Tuesday, May 1, 2007

The Perfect Banana

by Carol Levergood

And ye know that he was manifested to take away our sins; and in him is no sin.…I John 3:5

“I love bananas,” is an understatement. Brazil had so many varieties to choose from, I found myself gorging on them. I would nibble on them all day; small Apple Bananas, Plantains, and “Prata.” How is it I wonder why diabetes surfaced? Not realizing how many carbohydrates were packaged in this small fruit, I devoured them during 21 years.

The best stage to eat bananas in my personal opinion is between green and ripe. I am particular because too green, to me, is grainy. Too ripe is mushy and too sweet, unless used for banana pie or banana bread. I like that halfway between the green and ripe, still solid and touched with only light green at the top. Did I say I like bananas?

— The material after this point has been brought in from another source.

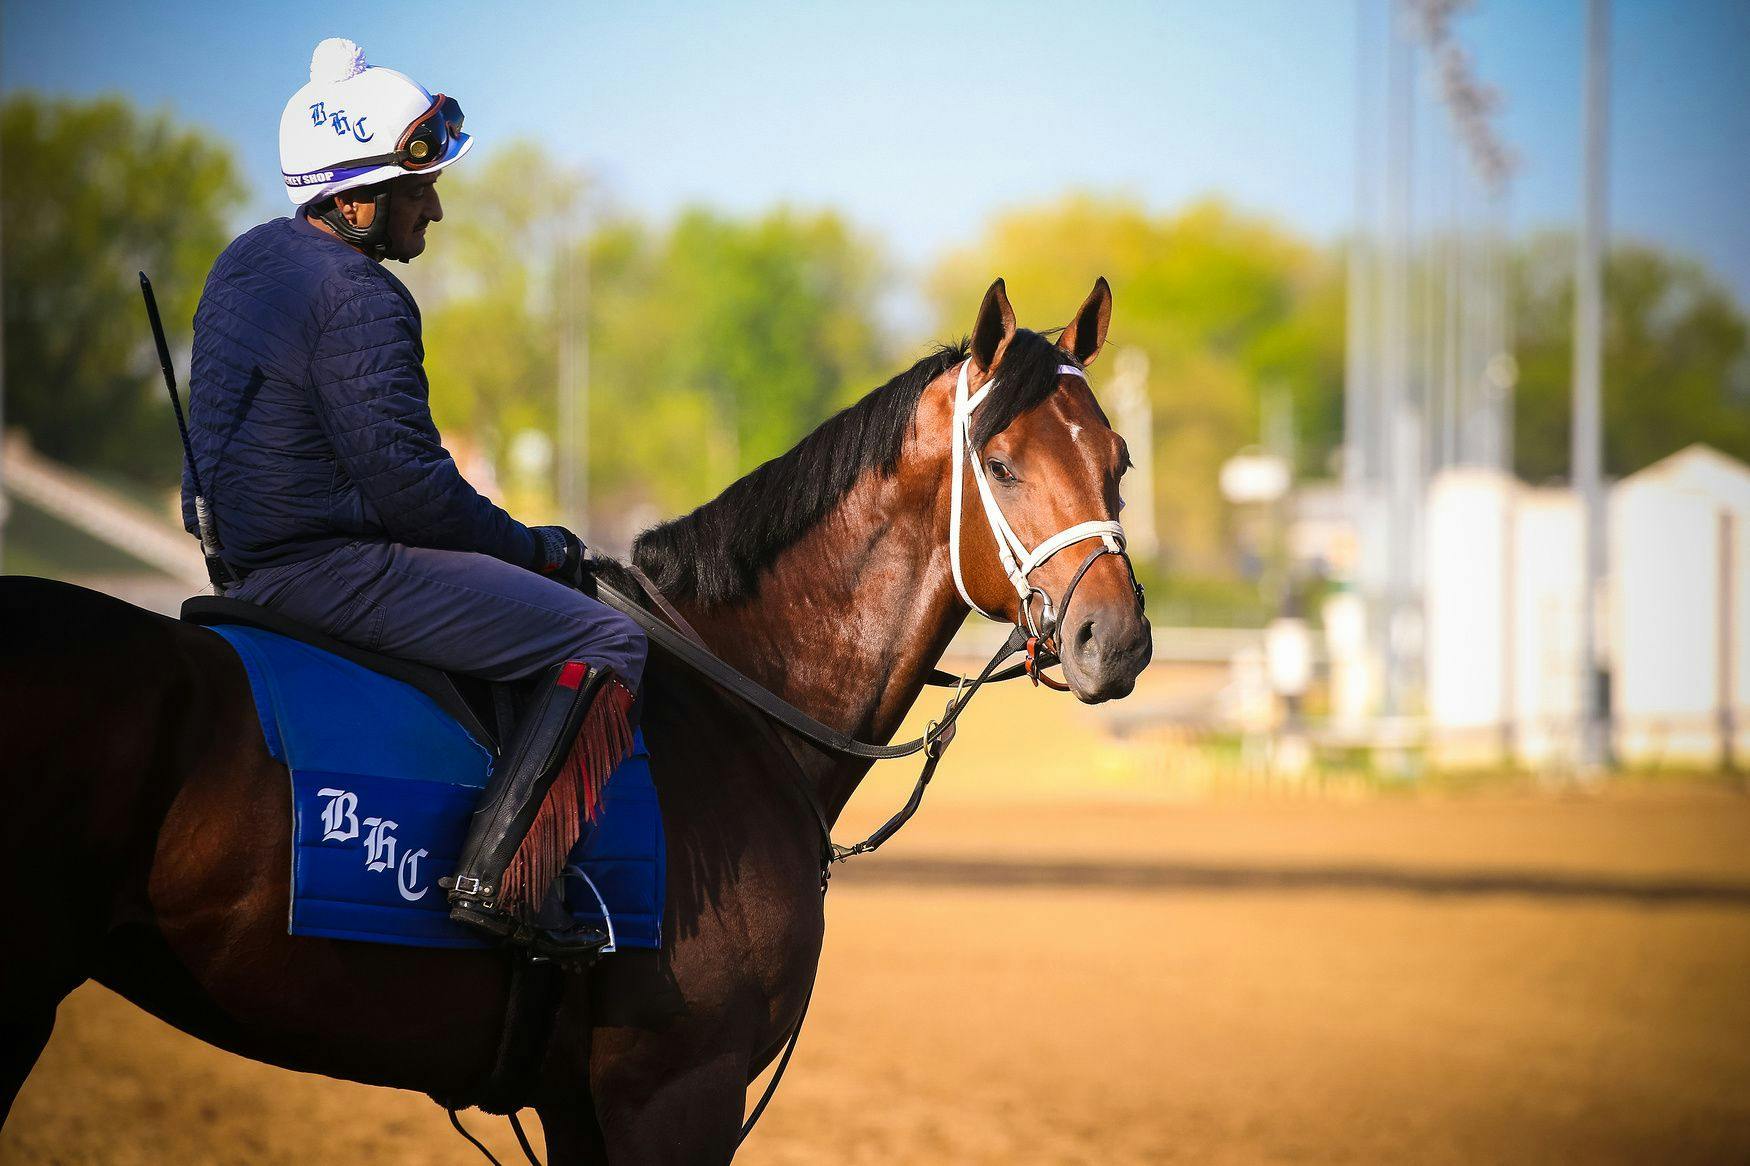 Dosage Index, foaling dates for 2023 Kentucky Derby contende TwinSpires

Am I picky? Yes! And just like the perfect ripening of the banana, I became that way about myself. I wanted to be that perfect example, the perfect pastor’s wife, the perfect wife, mother and friend. Not too sweet, not too grainy on the palette, just perfect! And when I failed, I was devastated. The perfectionism in me would take over and would not let people see me less than perfect. And if I were wrong about something, I was too proud to admit it. Better the front, than to admit I messed up.

The fear of failure was my ultimate apprehension. I must still watch what I tell myself, or I fall right back where I was. Like an alcoholic, I fall off the wagon once in awhile and end up facing defeat. Funny, I am not a perfectionist in some things. I have come so far though in allowing breathing room for myself.

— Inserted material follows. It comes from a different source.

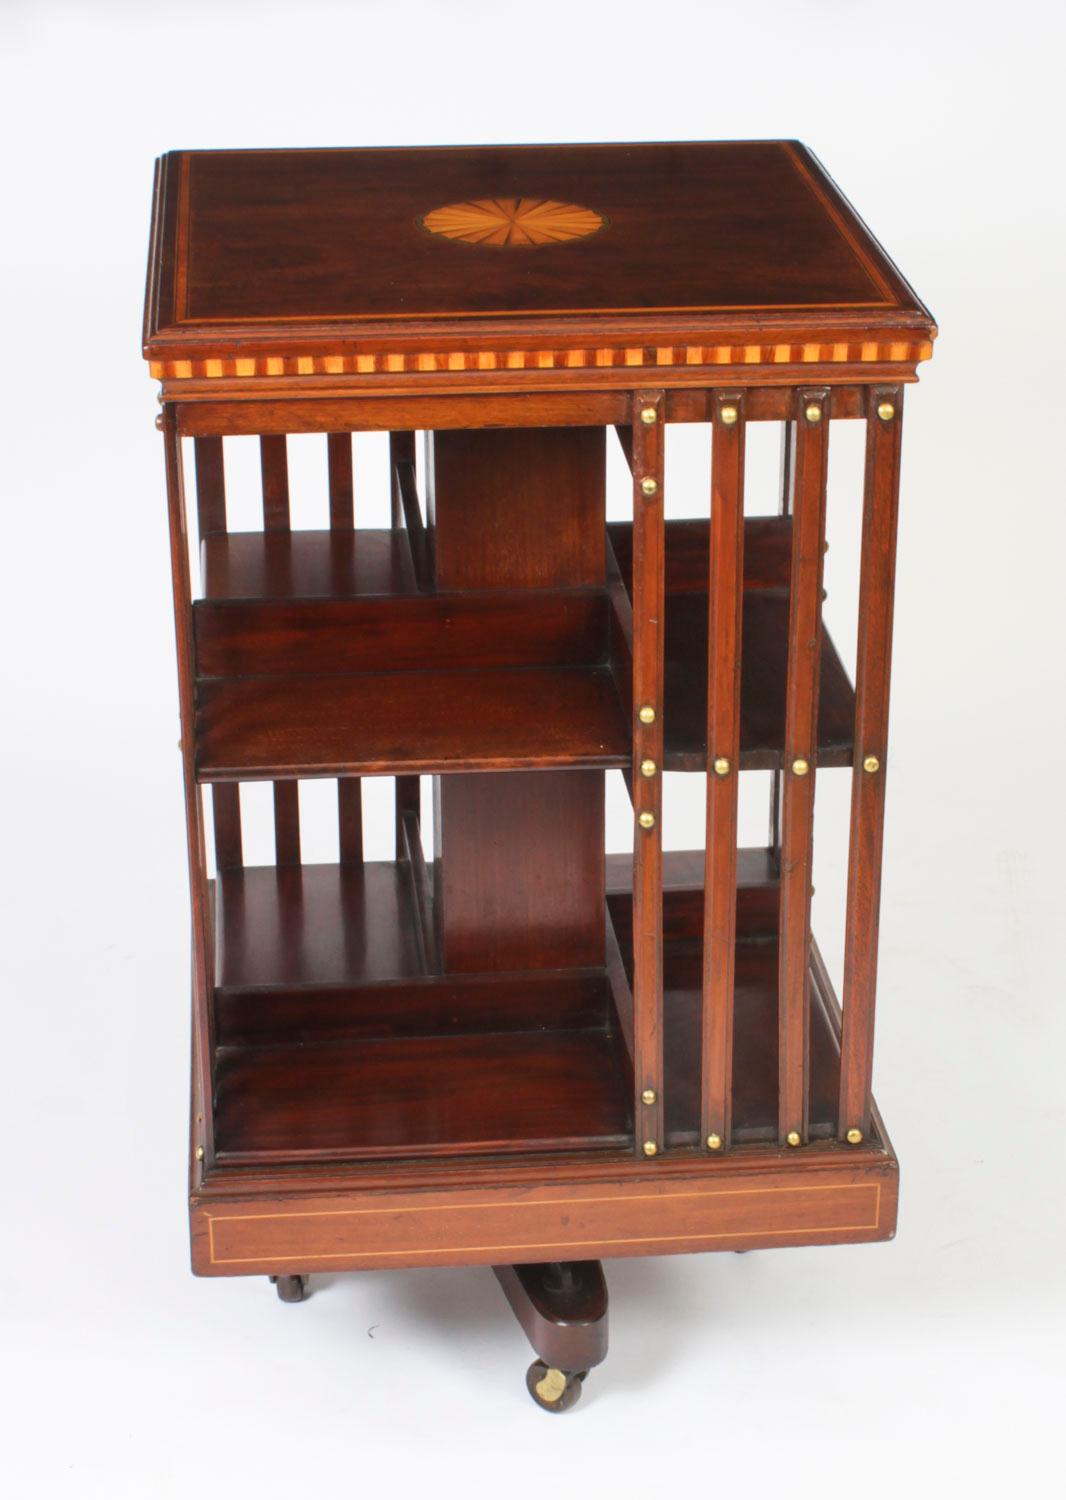 Victorian Antique Edwardian Revolving Bookcase Flame Mahogany c.1900 For Sale

I have sinned against God in this matter way too often I must remember only He is perfect. When I put myself on that same plane, I am sinning against God Almighty. Only He is sinless, whole, perfect, and was the day He chose to die for my sins and yours.

I can be funny about how ripe the bananas are, but why fret over something I will never attain, on this earth. I am though, to strive to do better than the day before. One day we will face eternity with Jesus; once there, I will sin no more, and won’t be green either. I’ll be just right in Jesus!

Father, In Jesus, I ask you cleanse my heart of any sinful pride. Take away my habits that seem to take away from me reflecting you. Thank you for loving me as I daily seek your will, Perfect Heavenly Father.